April 15, 2020: He et al., Nature Medicine (viral kinetics modeling) showed that SARS-CoV-2 viral shedding peaks before symptom onset and continues for days, providing early quantitative evidence for asymptomatic and presymptomatic transmission
April 17, 2020: Packwood et al., Clinical Practice and Cases in Emergency Medicine (case report) reported one of the earliest cases of shingles post COVID
April 28, 2020: Oxley et al., NEJM (case series) reported large-vessel strokes in young COVID-19 patients, raising early concern that SARS-CoV-2 can trigger severe clotting events even without typical risk factors
May 1, 2020: Diao et al., Frontiers in Immunology (clinical immunology) showed that COVID-19 is associated with reduced and exhausted T cells, building on earlier reports of lymphopenia and helping explain immune weakening
May 2, 2020: Varga et al., Lancet (case series) showed that SARS-CoV-2 can directly infect endothelial cells lining blood vessels, causing widespread vascular inflammation (endotheliitis) and helping explain clotting, ischemia, and multi-organ complications in COVID-19
May 11, 2020: PLRC / Body Politic COVID-19 Support Group conducted a survey (640 responses) tracking 62 symptoms week by week, with 200+ more symptoms reported by patients, showing that recovery wasn’t quick, predictable, or guaranteed
May 13, 2020: Zang et al., Science Immunology (lab gut-organoid study) showed SARS-CoV-2 can infect and replicate in gut lining cells using TMPRSS2/TMPRSS4, helping explain GI symptoms
May 14, 2020: Sia et al., Nature (animal model / hamster study) showed SARS-CoV-2 spreads efficiently between hamsters through the air, becoming key evidence that inhaling a relatively small airborne dose over a short time can be enough to establish infection
May 15, 2020: Blanco-Melo et al., Cell (lab + animal + patient immune-response) found that COVID can slip past the body’s early antiviral defenses, allowing the virus to spread quietly at first, before triggering a strong inflammatory reaction later. This helped explain why COVID can linger and suddenly become severe.
May 15, 2020: Hamner et al., MMWR (CDC outbreak investigation) reported the Skagit Valley choir superspreading event, where one symptomatic singer infected ~87% of attendees in ~2.5 hours.

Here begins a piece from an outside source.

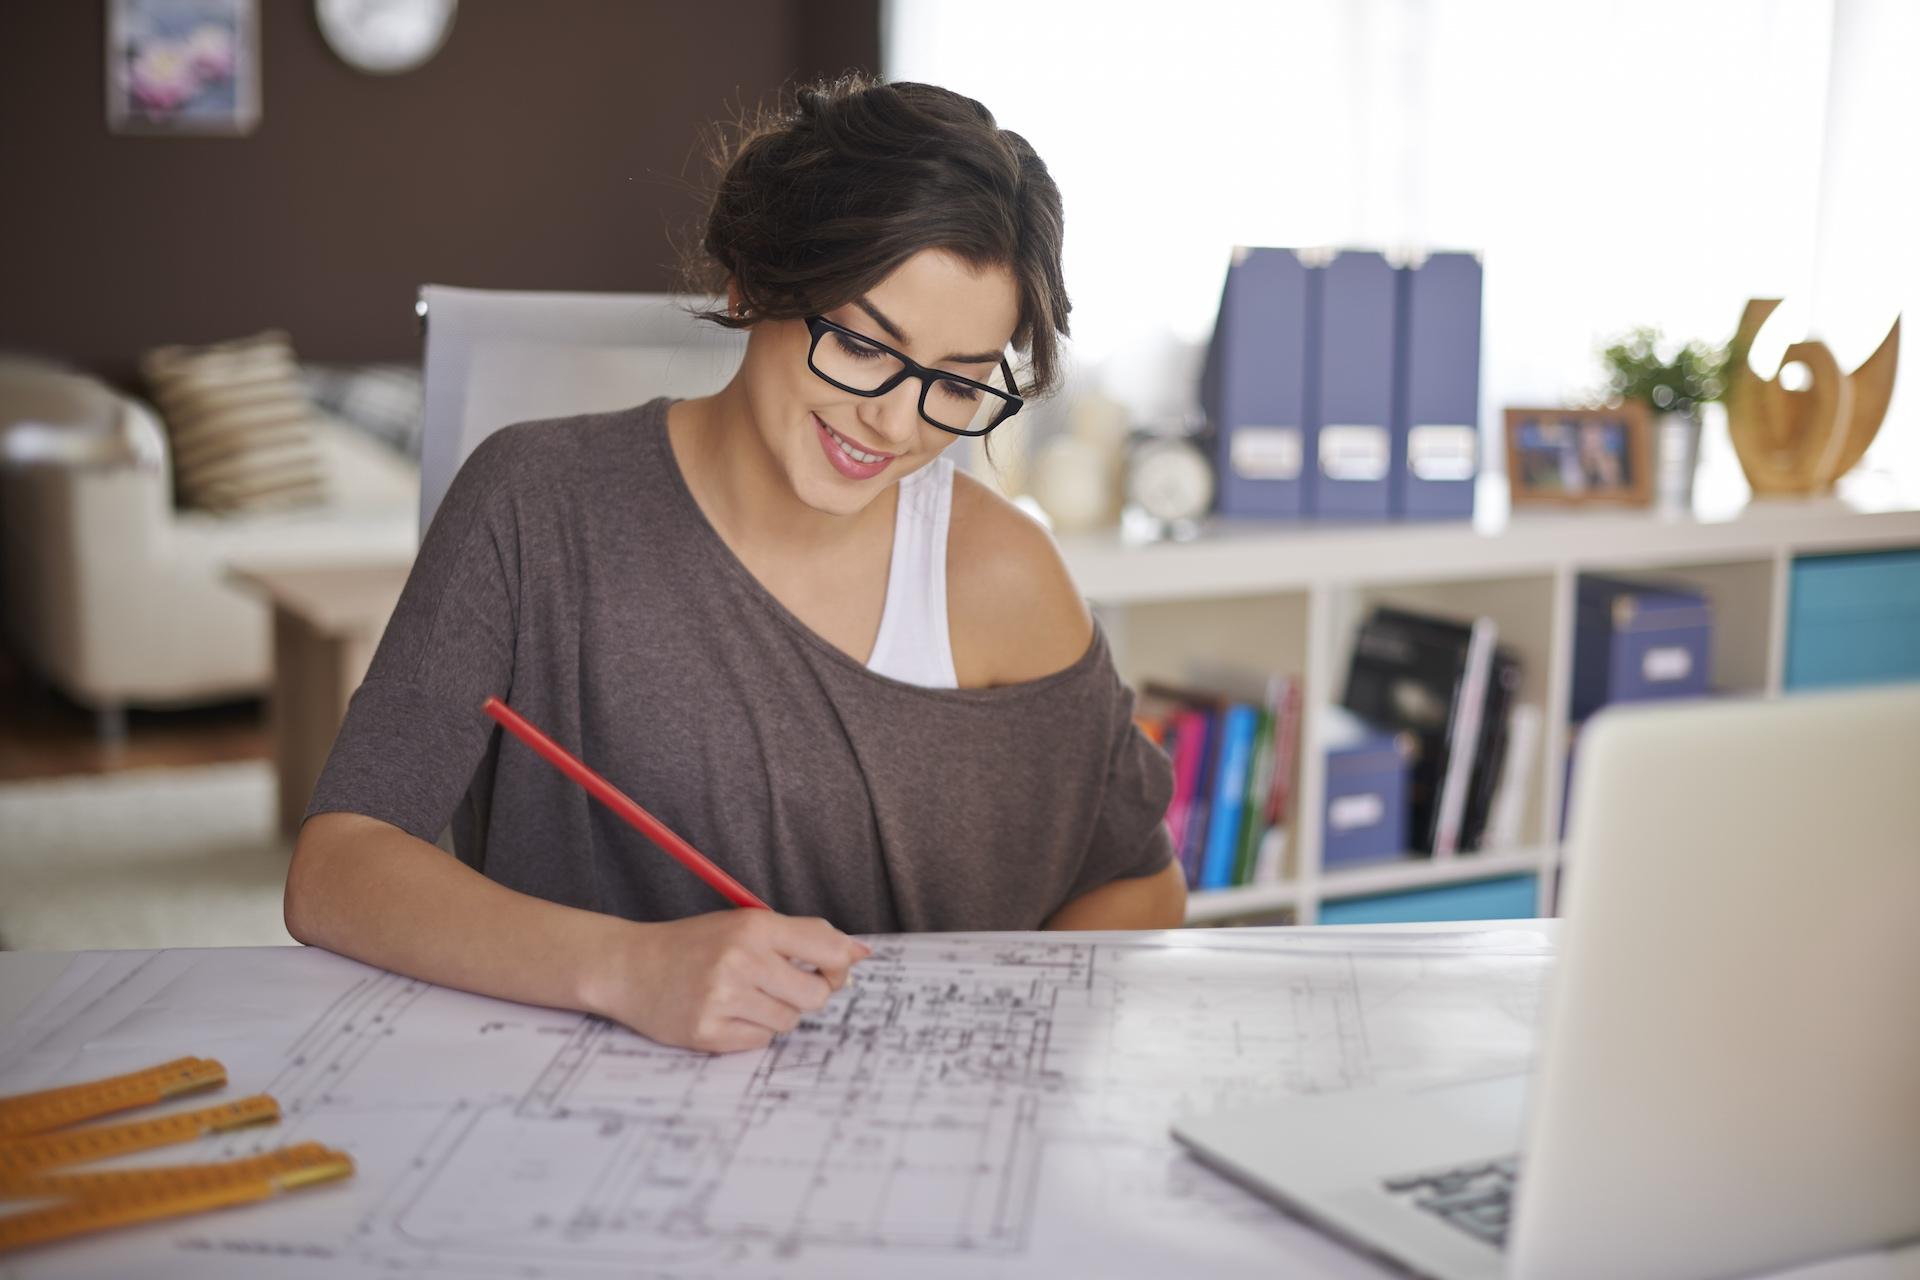 不再追求工作與生活的平衡,用「整合」的態度享受吧!

The authors note singing increases aerosol emission, making droplet-only spread unlikely
May 18, 2020: Zhang et al., Journal of Thrombosis and Haemostasis (hospital cohort) found deep vein thrombosis in 46% of hospitalized COVID-19 patients in Wuhan, many without symptoms
May 20, 2020: Guo et al., Journal of Bone and Joint Surgery (case control study) showed orthopaedic surgeons in Wuhan were infected mainly in general wards, with higher risk when not wearing N95s and lower risk with consistent masking and infection control training
May 21, 2020: Ackermann et al., NEJM (comparative autopsy pathology study) found COVID-19 causes severe injury to the lung’s blood vessel lining, with widespread endothelial infection, 9x more microclots than influenza, and abnormal new vessel growth.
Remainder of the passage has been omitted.